I was excited to read that RDataFrames constructed with TChains that have a TEntryList loaded should respect that entry list (although the old forum threads about this imply there may be some caveats here, which I will need to study in more detail). But what I wanted to check is if there’s a way to create the TEntryList in a multithreaded run?

The situation is I have data spread over many files, and am currently processing it with RDataFrame from a TChain. However, I frequently want to run again on the data but just plot something different and not change the event selection. What would be ideal would be when I do my first run over all the data I can build a TEntryList, save it somehow (to a file - its a lot of data so I would have imagined I’d need to utilise ROOT: TEntryListFromFile Class Reference for this as I worry the full TEntryList may be too big for memory) and then in subsequent runs I could process a chain with this entrylist.

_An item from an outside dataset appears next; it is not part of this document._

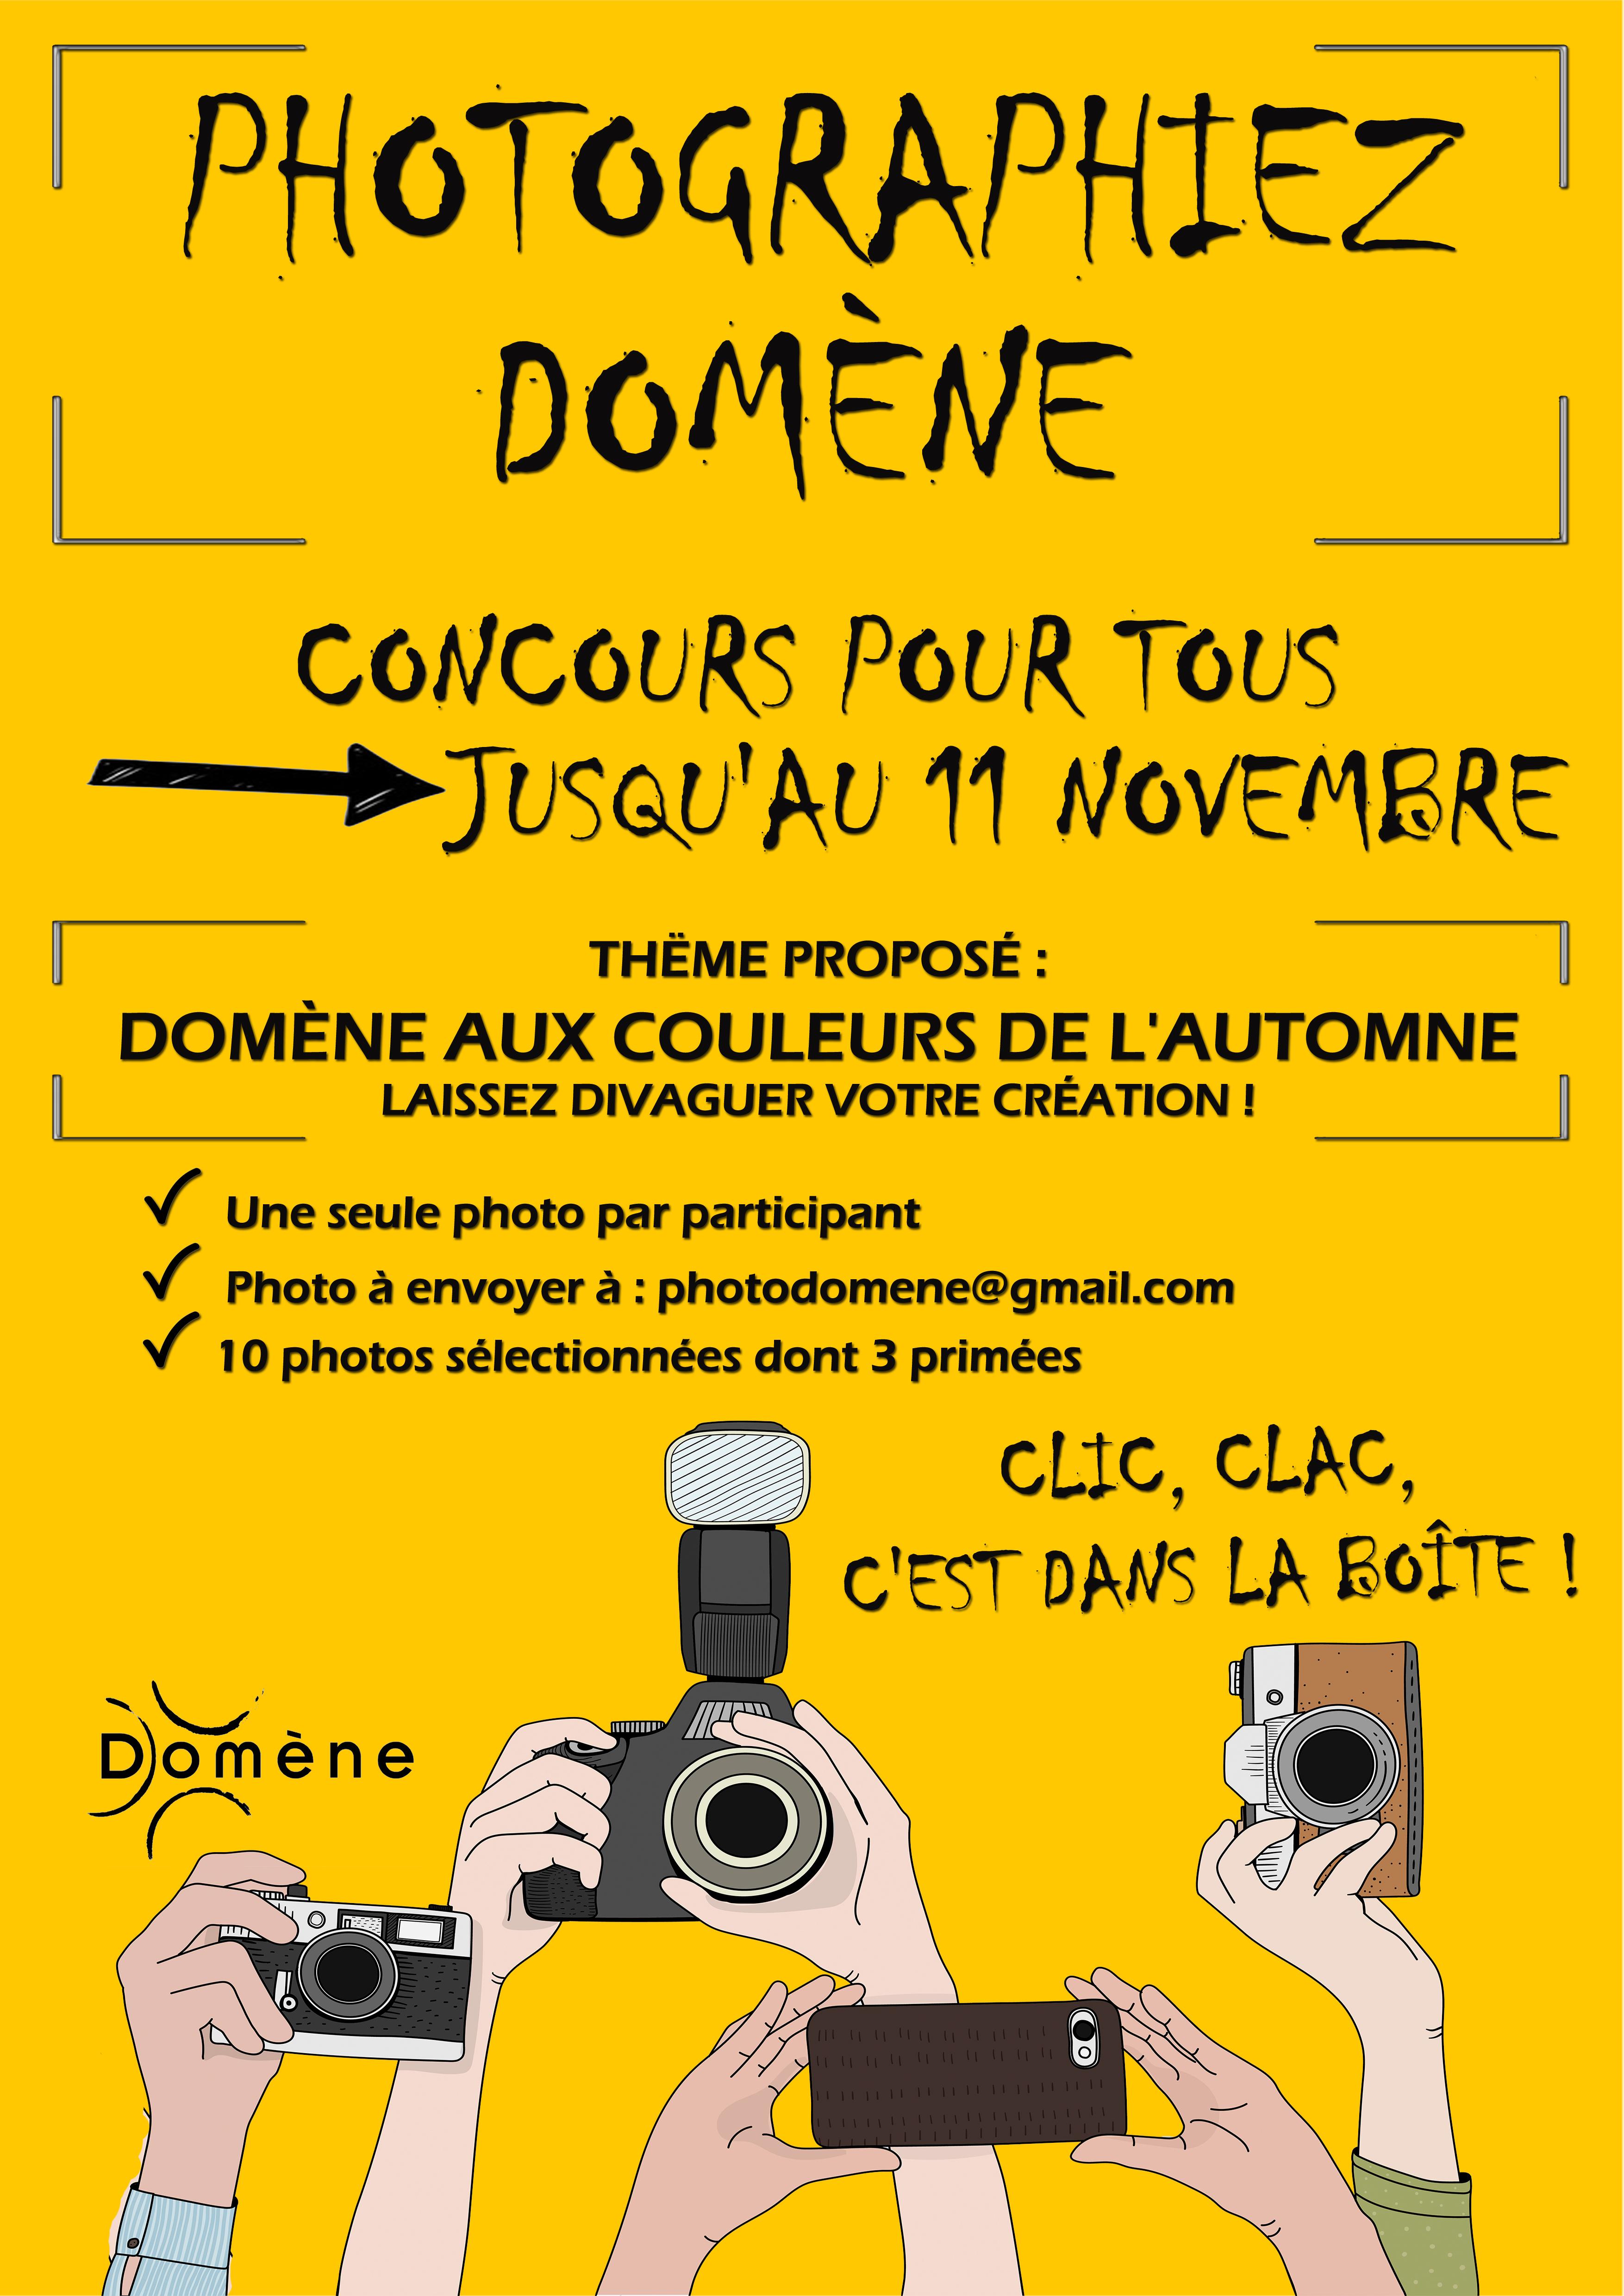 Image de couverture - Concours "Photographiez Domène"

But am I correct in thinking I cannot build a TEntryList in a multithreaded run because the entry number isn’t available reliably? I saw there is DefineSlotEntry method but assumed the entry number there is a thread-local entry number rather than the input data entry number (why isn’t it possible to get that global entry number in the thread?). So am I correct to think I’d have to do a single-thread processing to build the TEntryList with a custom Action (is there an example available of this?) and then I can process in parallel?

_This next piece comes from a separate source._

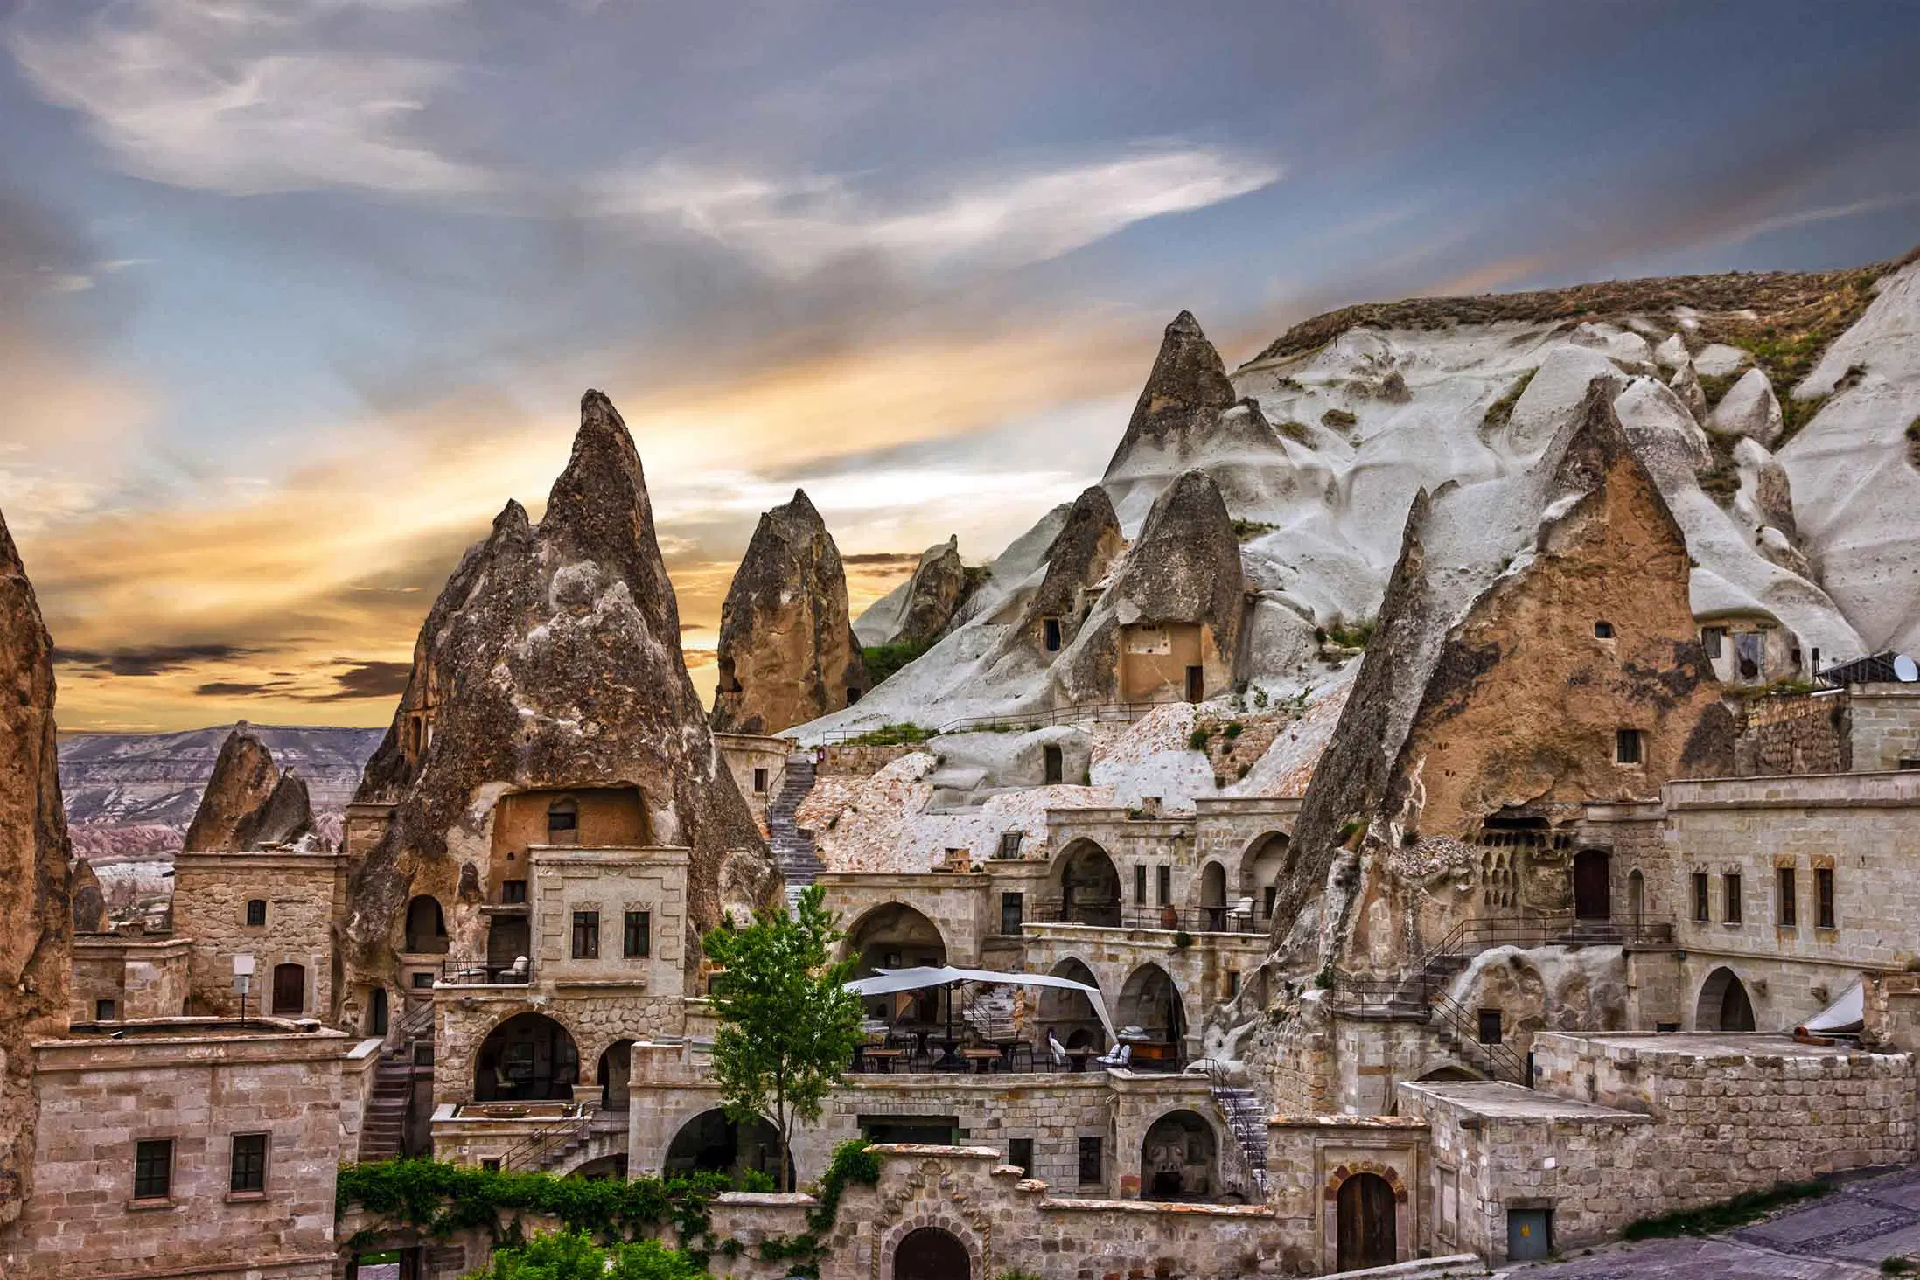 Turkey 07-Days Istanbul, Cappadocia & Ephesus Tour

Just to add - since the data is spread over lots of files, and I was thinking I would need to use TEntryListFromFile, and hence have a separate TEntryList for each file of the chain, if there was a way to process multiple files with multithread but each thread takes care of a single file (no sharing file between threads) then I could build my entrylists that way, but I dont think that mode of event looping is supported is it?

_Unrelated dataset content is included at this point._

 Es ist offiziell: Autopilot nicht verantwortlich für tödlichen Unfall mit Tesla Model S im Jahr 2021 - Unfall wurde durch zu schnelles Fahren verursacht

Happy to hear otherwise and that what I want to do is possible after all?

Thanks!
Will

I think @eguiraud can help.

Hi @will_cern ,
sorry for the high latency, I was off last week.

That’s correct.

Yes. You might also use a simple Foreach instead of a custom action, e.g. df.Foreach([&elist](ULong64_t e) { elist.Enter(e); }, {"rdfentry_"}).

I am afraid that’s not supported. Building a proper TEntryList for multiple files from an RDF event loop is tricky, because it requires reacting to switches in the input tree. I’ll see if I can cook something up in the next days to get you started (probably not before Thursday, sorry).

Cheers,
Enrico

This topic was automatically closed 14 days after the last reply. New replies are no longer allowed.

Hi,
I have not forgotten about this, it turns out that we are missing a couple of ingredients to implement this properly (e.g. being able to access the local tree entry number from RDF and being able to enter entries in a TEntryList specifying the tree by name/path rather than by pointer), so I have to implement those first :slight_smile:

Thanks for the update. I think if you manage to make this work it could be a very nice feature as it will let me build and save event selections to entrylists so that I can rerun my processings in a much faster loop on subsequent runs, without having to restrict myself to single thread to build the initial entrylist

Sure! One piece of the puzzle is already in, work in progress :slight_smile: